Наблюдая теперь и слушая, Серый убедился – отчасти потому, что серебристые трубчатые траектории над столом напоминали воздушный колодец, в который они спускались по веревке, и туннель, по илистому дну которого пришпорь им так долго шлепать, – что эти-то кружащиеся предметы и лежат в основе магии, что открыла перед ними путь в глубины Внутреннего Моря и держала его открытым. И едва только кружение это прекратится, и колодец, и шатер, и туннель обрушатся, а воды Внутреннего Моря по скалистому ходу стремительно ринутся в этот грот.
Действительно, жилистая подводная ведьма поглядела на Мышелова так, словно уже долгие часы трудилась за этим столом и, что было куда более уместным, могла еще подгонять свои волчки не меньшее время. Признаков утомления она не обнаруживала, разве что ритмично вздымалась и опадала ее плоская грудная клетка, да посвистывало дыхание за маской, да пульсировали жаберные щели.

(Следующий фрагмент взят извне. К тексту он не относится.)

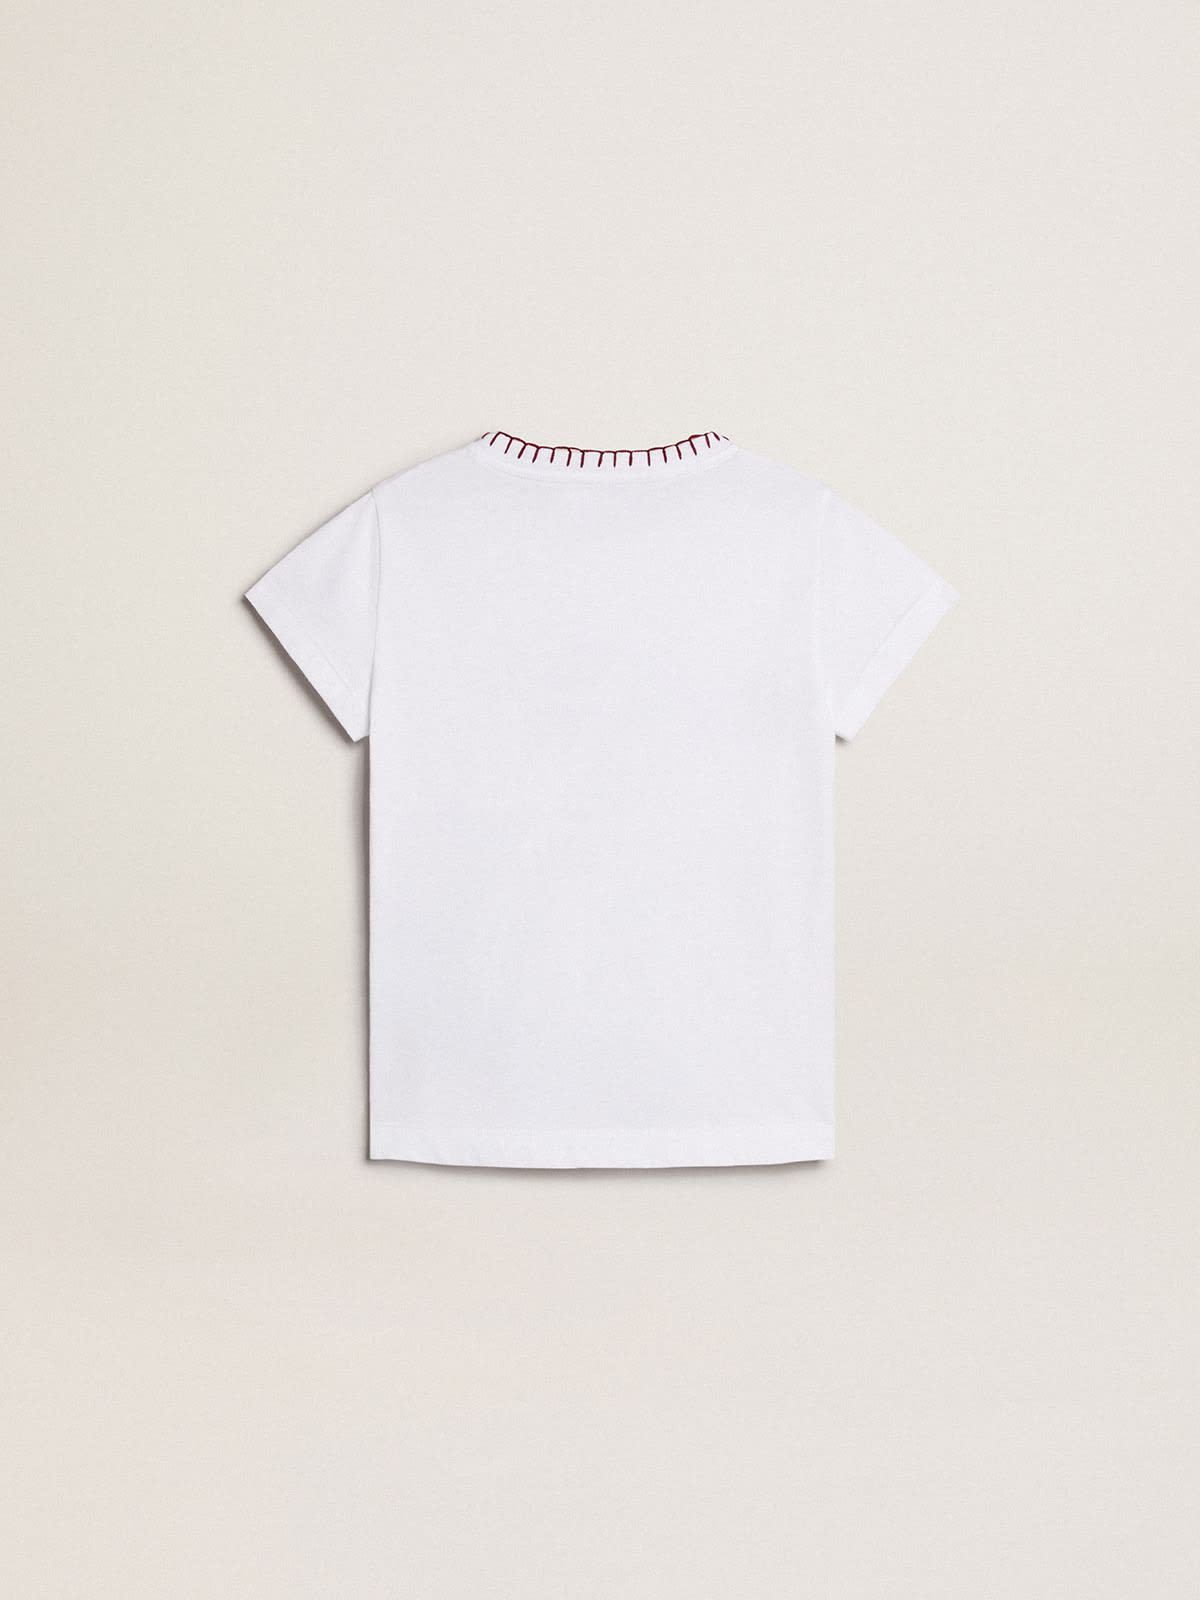 Golden Goose - T-shirt pour fille en coton blanc avec broderie réalisée à la main in

Теперь она, казалось, впервые заметила их, Мышелова и Фафхрда, и, не замедляя движений, обратила к ним свою бронзовую маску с красными веревками на покрытом зелеными пятнами лбу и поглядела на них… голодными, похоже, глазами. Внимательно разглядев обоих приятелей, она дважды кивнула назад, за спину, словно указывая им дорогу. И тогда зеленая и серебристая королевы безмолвно пригласили героев.
Это пробудило и Мышелова и Фафхрда от оцепенения, и они дружно отреагировали. Проходя мимо стола, Мышелов почуял запах вина и остановился, чтобы взять по золотому кубку себе и другу. Каждый осушил чару, хотя содержимое отливало зеленью, потому что запах-то был правильный, и вино отдавало пламенной терпкостью.
Мышелов заглянул в чашу, зелена вина в ней не было, она до краев была наполнена кристально чистой жидкостью, которая могла оказаться водой, а могла ею и не быть. На жидкости плавала модель, едва с палец длиной, – черный кораблик. От носа его вглубь уходила тонкая воздушная трубка.
Но времени вглядываться не было, Фафхрд уже двинулся в тень, направо, а Мышелов за ним, налево. И тогда из полумрака перед Серым выступили два бледно-голубых воина, вооруженных ножами с волнистым краем. Судя по косичкам и походке в раскачку, это были матросы, хотя оба были наги и, вне сомнения, мертвы… Об этом свидетельствовал мертвенный цвет кожи, к тому же они словно не замечали толстого слоя ила под ногами, и глаза их были обращены к Мышелову выпученными белками, зрачки тоненькими полумесяцами выглядывали из-под ресниц… к тому же их носы, уши и прочие выступающие части тела были несколько, скажем, пожеваны рыбами. Позади них с громадной саблей ковылял колченогий кривоногий гном с чудовищных размеров головой и жабрами, настоящий ходячий эмбрион. Громадные, блюдечками, глаза его тоже закатились, как у покойника, отчего Мышелов вовсе не почувствовал себя бодрее, а наоборот, выхватил Скальпель и Кошачий Коготь из чехла тюленьей кожи – все трое уверенно окружили его и преградили ему путь, едва он попытался обойти их.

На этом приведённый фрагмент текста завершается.